2024-04-21 — 5 min read


It can be very useful (and at times critical) to be able to spot unusual values or rapid behaviour changes in a system, especially where the data is expected to remain stable with no underlying long-term trends. In mobile gaming, for example, a sudden change in the number of active players might mean there is a bug causing the app to crash, so we need to detect this fast!

Median Absolute Deviation (MAD) anomaly detection is a robust technique used to identify outliers or anomalous changes in a dataset. Its main advantages lie in the fact that it is non-parametric, is simple to calculate, and less sensitive to extreme values compared to methods that rely on the mean and standard deviation. Instead, MAD anomaly detection is based on the median and median absolute deviation which are more resistant to outliers.

Calculations and worked example

Imagine that we run an automatic sensor monitoring the flow of traffic along a road, and counting the number of cars that pass each minute. During normal operation we might expect the number of cars per minute to remain roughly constant.

However, if there is a sudden increase in traffic this could lead to congestion problems, and so we should create an alert to direct drivers on other routes. Conversely, a sudden drop in traffic could indicate an accident or blockage further up the road. Any sudden change in the number of cars indicates that something is amiss - we want to be alerted to any significant deviation from the norm!

Suppose we have recorded the following number of cars per minute over the last 10 minutes: $$ 5,6,4,8,6,5,8,5,6,11 $$ Is the most recent value, 11 cars per minute, an anomaly?

First, we calculate the median value by ordering the values finding the middle value.
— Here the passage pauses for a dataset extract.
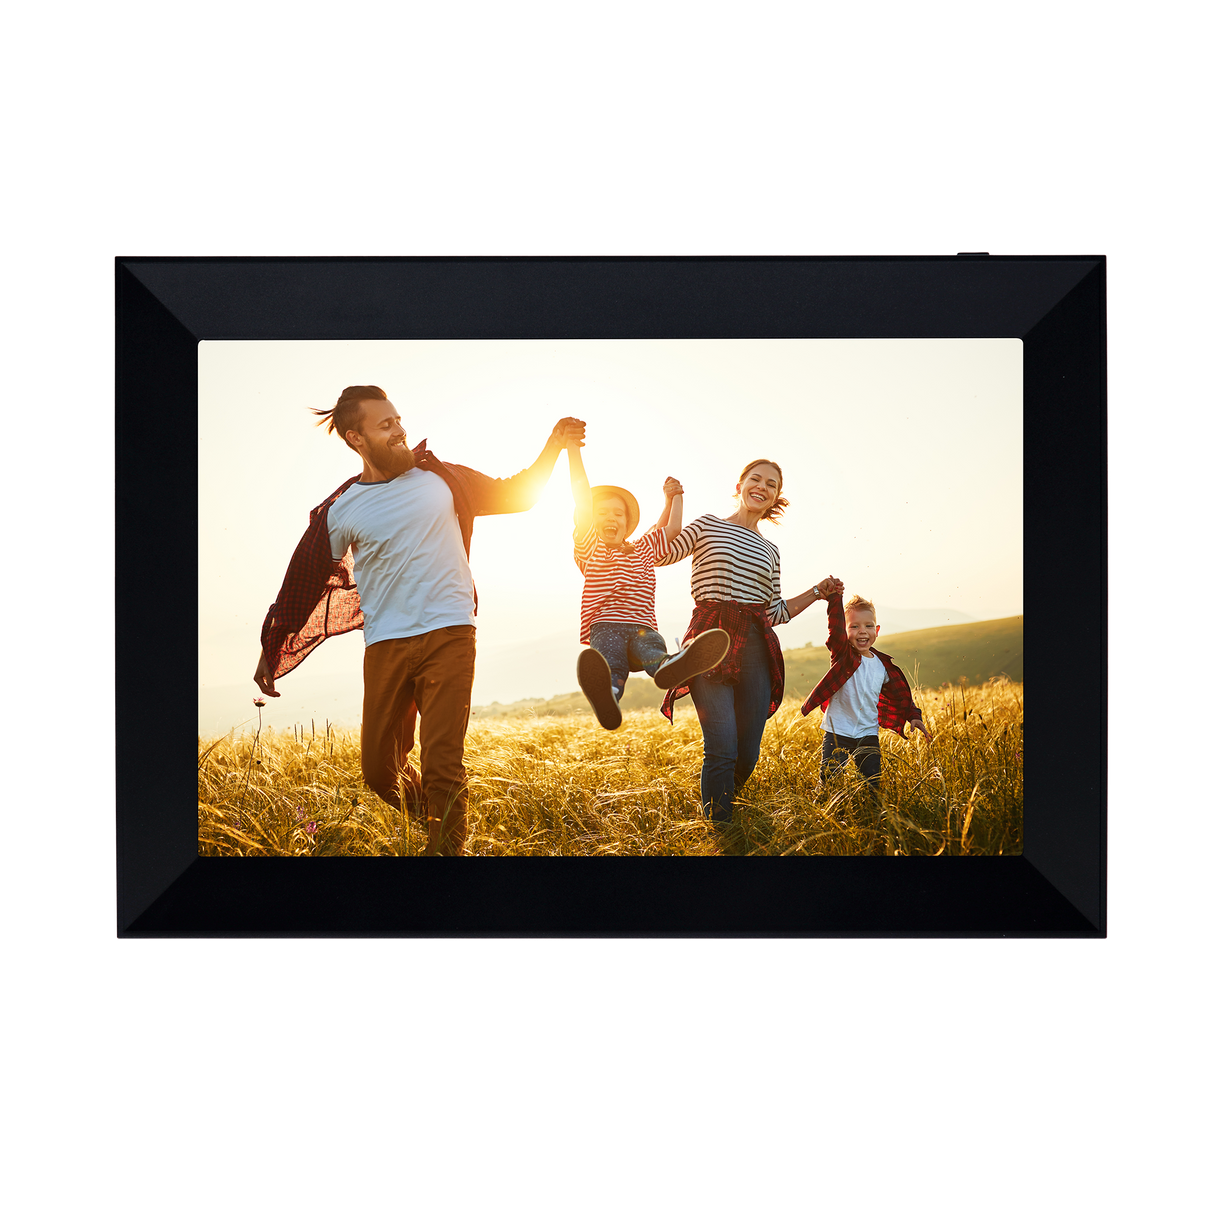 Smart frame wifi 103 - digital photo frame

Because we have an even number of values, we take the average of the middle two: $$ 4,5,5,5,\mathbf{6},\mathbf{6},6,8,8,11 $$ The median is 6.
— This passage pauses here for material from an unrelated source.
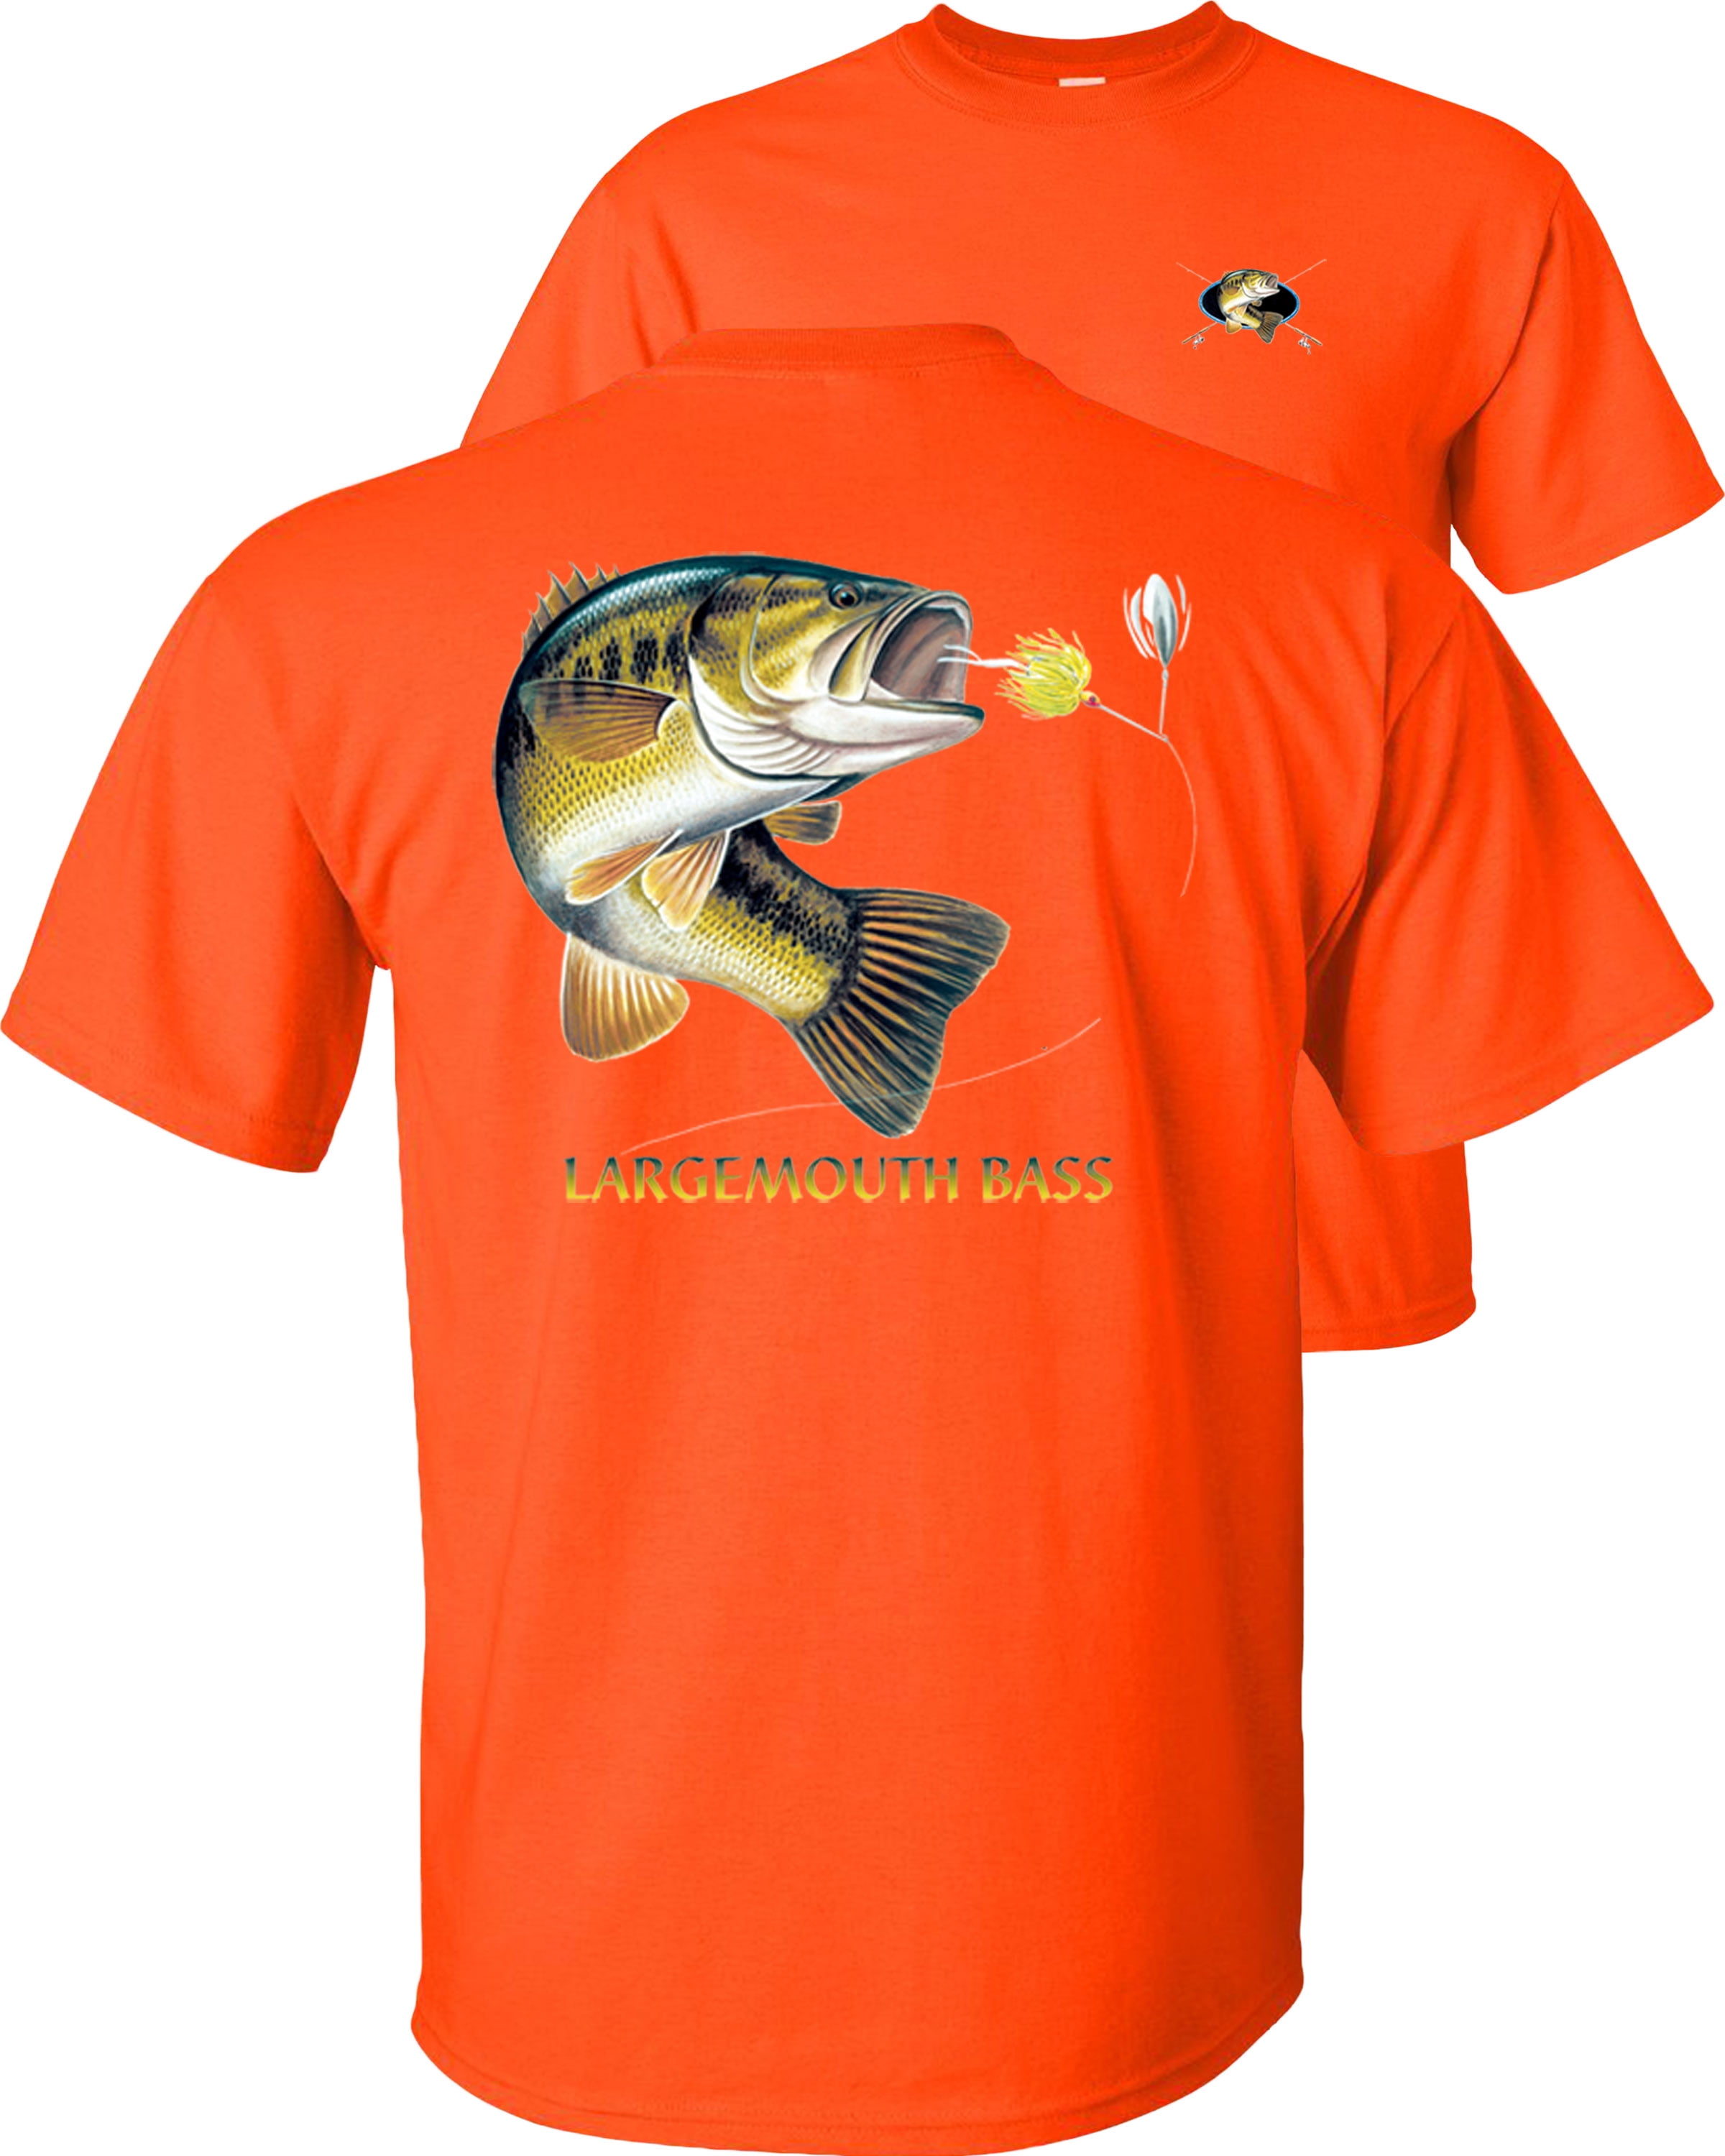 Fair Game Largemouth Bass T-Shirt, combination profile, Fishing Graphic Tee-Orange-2x

Next we find the absolute deviation of each point from the median: $$ 2,1,1,1,0,0,0,2,2,5 $$ ...and again find the median value: $$ 0,0,0,1,\mathbf{1},\mathbf{1},2,2,2,5. $$ Therefore the median absolute deviation (MAD) for this sample is 1.

If the underlying data is normally distributed then multiplying the MAD by 1.4826 will approximate the standard deviation, \(\sigma\): we can define an adjusted MAD as $$ \text{MAD}_\text{adjusted} = 1.4826 \cdot \text{MAD}. $$

We can label a value as an outlier if it exceeds the MAD by some threshold, \(k\cdot\text{MAD}\). The choice of \(k\) may depend on what you want to class as an anomaly, and you may choose different thresholds depending on the shape of the underlying data.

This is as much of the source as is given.